As the Port Isabel does not own or control any freight cars, respondents may not have relief on the ground that the failure of that carrier to furnish them is unreasonable discrimination. As the trustee participates in traffic between the basin and points in Mexico only to the extent of an intermediate switching movement, he is not, as a matter of law, bound to furnish cars even for the part of the transportation that is performed within the United States. The question, whether the discrimination in the application of his tariff covering the switching movement is unreasonable, is an administrative one. Appropriate consideration of it may extend to many facts and circumstances, including the influence, if any, of the discrimination upon the trustee's line hauls between other Texas ports and points in Mexico, and to the broad field of competition legitimately available to carriers, shippers and commodities seeking transportation between the United States and Mexico.
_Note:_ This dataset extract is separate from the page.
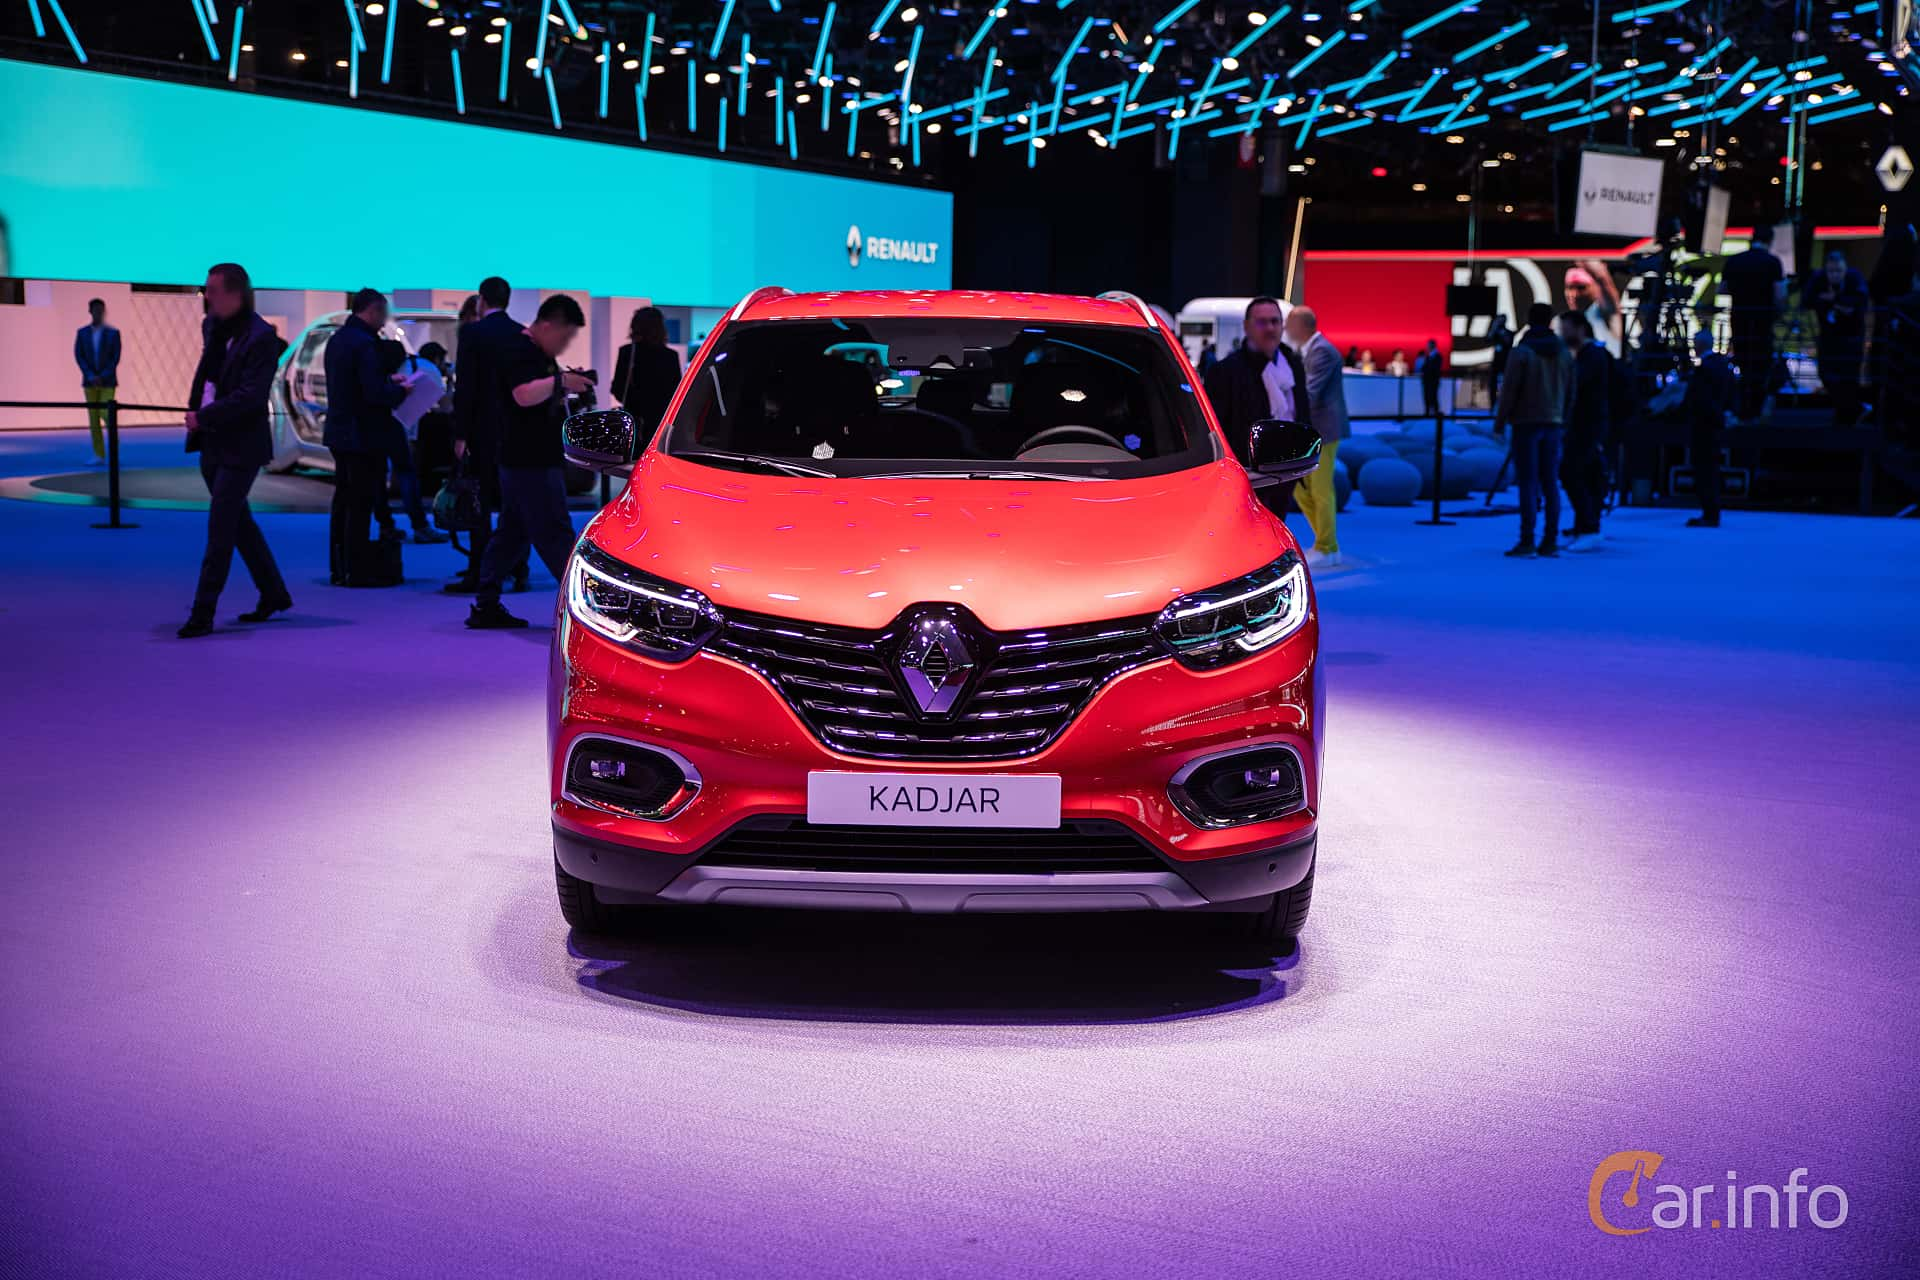 Renault Kadjar 1.5 Blue dCi EDC, 115hp, 2019 at Paris Motor Show 2018

And the ascertainment of appropriate remedy for discrimination condemned calls for another administrative determination involving, it may be, investigation of numerous conditions affecting transportation between the two countries. And as determination of reasonableness of petitioners' refusal to furnish cars for the transportation in question and the prescribing of change in the service, if any is to be ordered, are primarily within the regulatory powers of the Commission, the district court rightly held that it was without jurisdiction and dismissed the cause. Texas & Pac. Ry. Co. v. Abilene Cotton Oil Co., 204 U.S. 426, 27 S.Ct. 350, 51 L.Ed. 553, 9 Ann.Cas. 1075; Baltimore & Ohio R. Co. v. United States ex rel. Pitcairn Coal Co., 215 U.S. 481, 493, 30 S.Ct. 164, 54 L.Ed. 292; Morrisdale Coal Co. v. Pennsylvania R. Co., 230 U.S. 304, 313, 33 S.Ct. 938, 57 L.Ed. 1494; Texas & Pac. Ry. Co. v. American Tie & Timber Co., 234 U.S. 138, 146, 34 S.Ct. 885, 58 L.Ed. 1255; Great Northern Ry. Co. v. Merchants' Elev. Co., 259 U.S. 285, 291, 42 S.Ct. 477, 479, 66 L.Ed. 943. Cf. Pennsylvania R. Co. v. Clark Bros. Coal Mining Co., 238 U.S. 456, 468, 35 S.Ct. 896, 59 L.Ed. 1406. The decree of the Circuit Court of appeals must be reversed.
Mr. Justice CARDOZO took no part in the consideration or decision of this case.